- Record set:
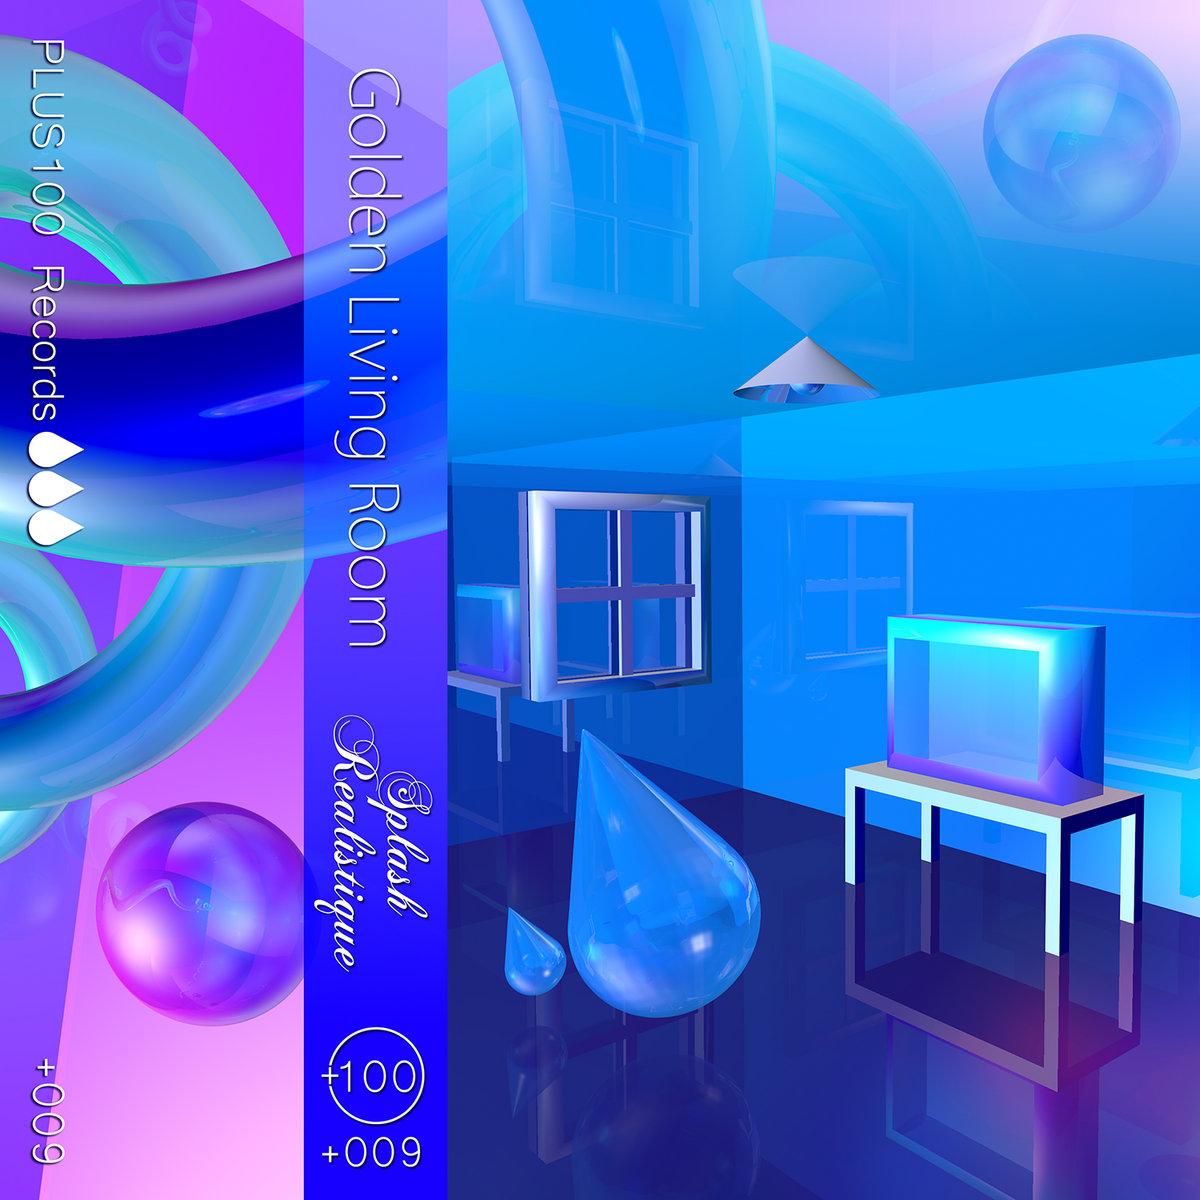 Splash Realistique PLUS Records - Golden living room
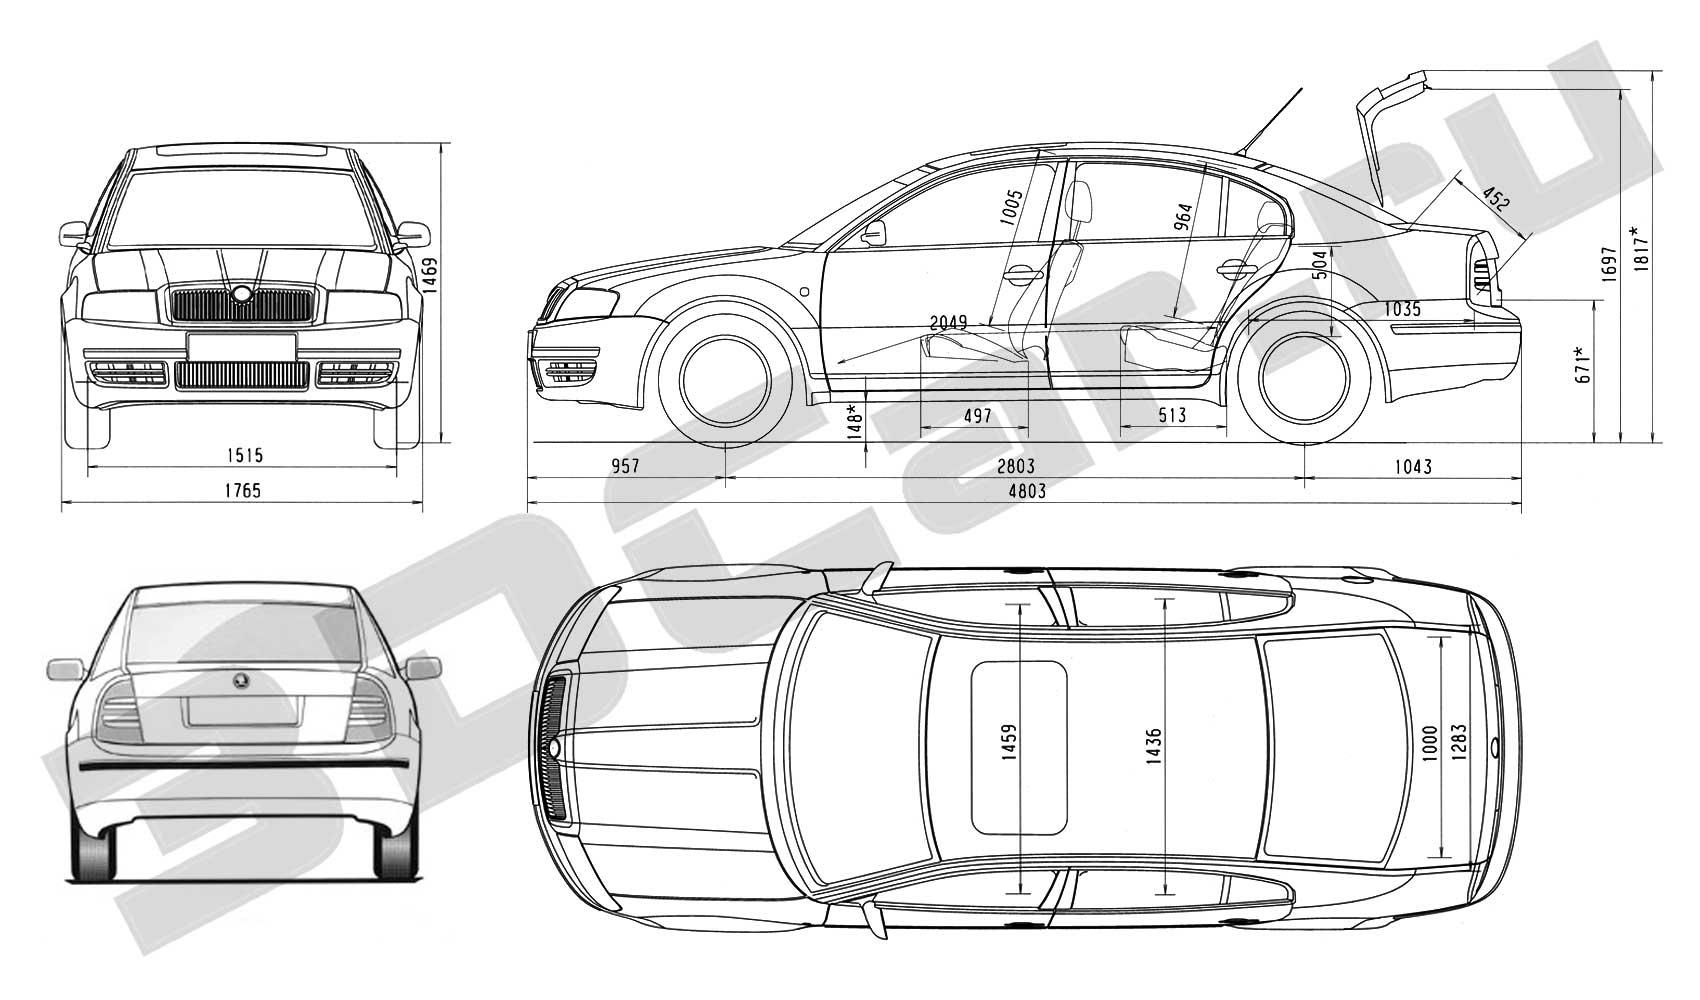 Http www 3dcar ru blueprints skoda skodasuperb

==

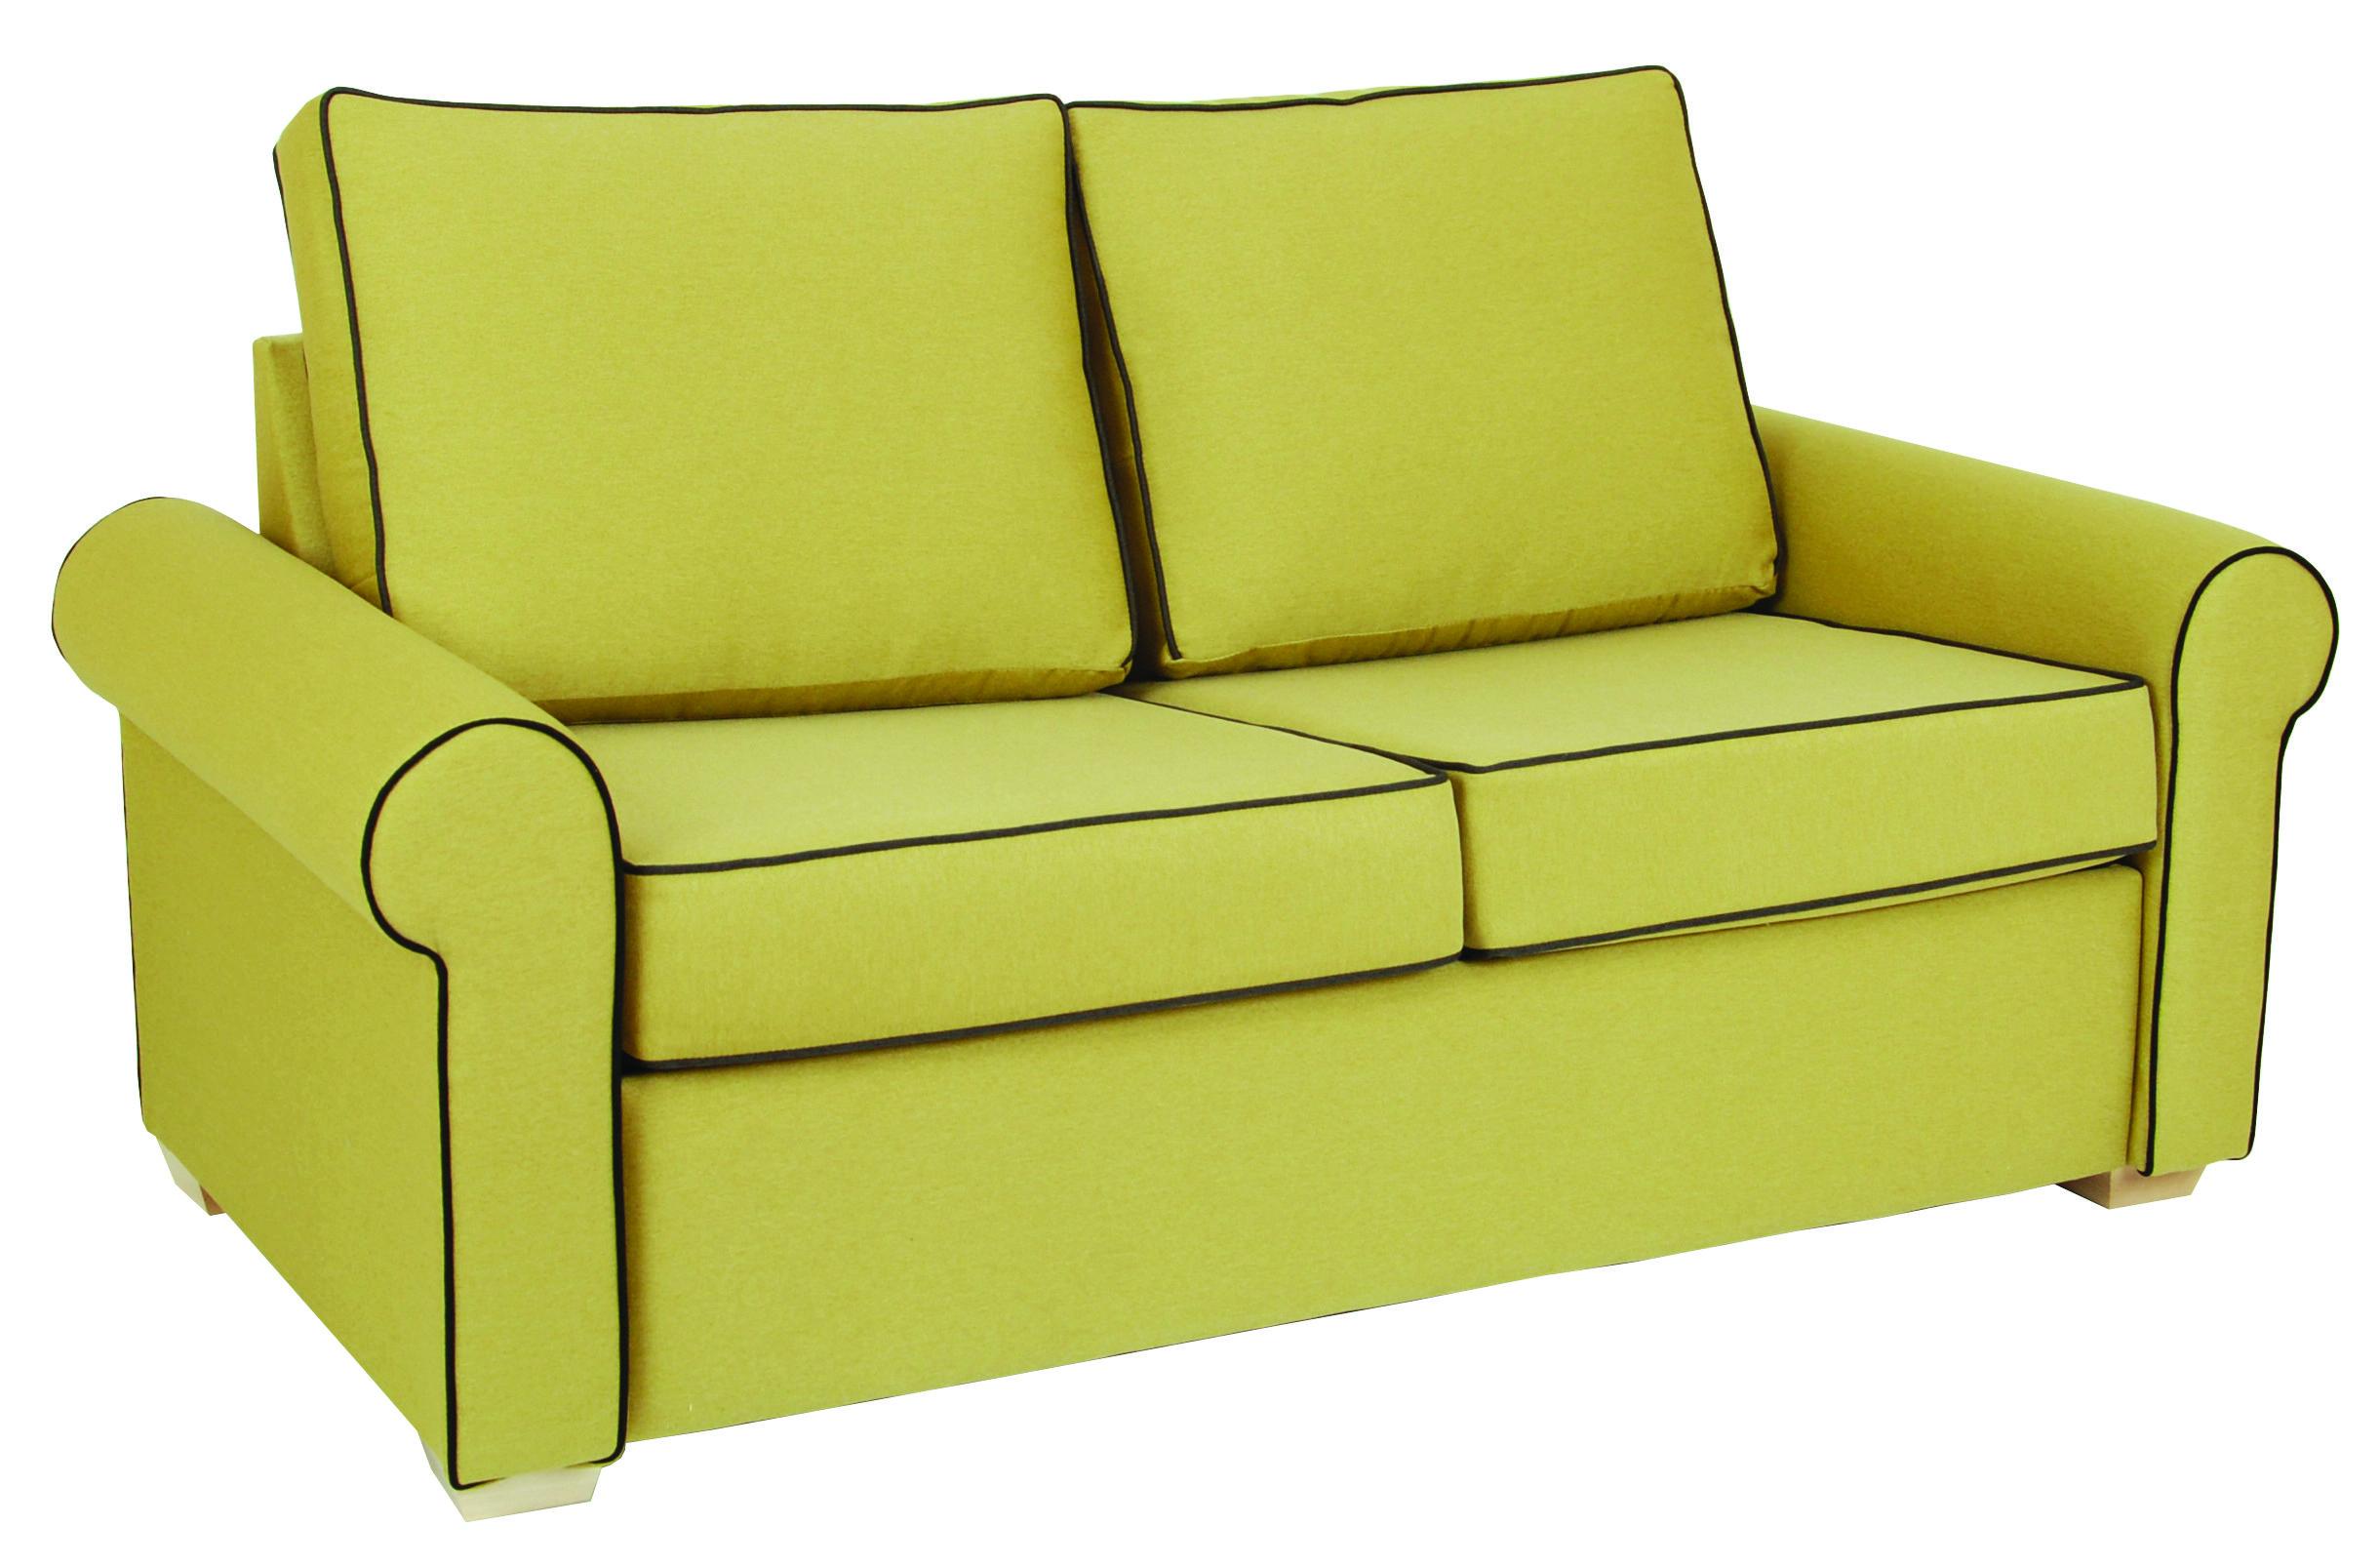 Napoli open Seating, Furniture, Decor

- What is needed: Those lines of the records above that run from the one containing "Splash Realistique PLUS" through the one containing "Http www 3dcar" should be returned exactly, with no pictures among them.

- Solution to this exercise:
 Splash Realistique PLUS Records - Golden living room
 Http www 3dcar ru blueprints skoda skodasuperb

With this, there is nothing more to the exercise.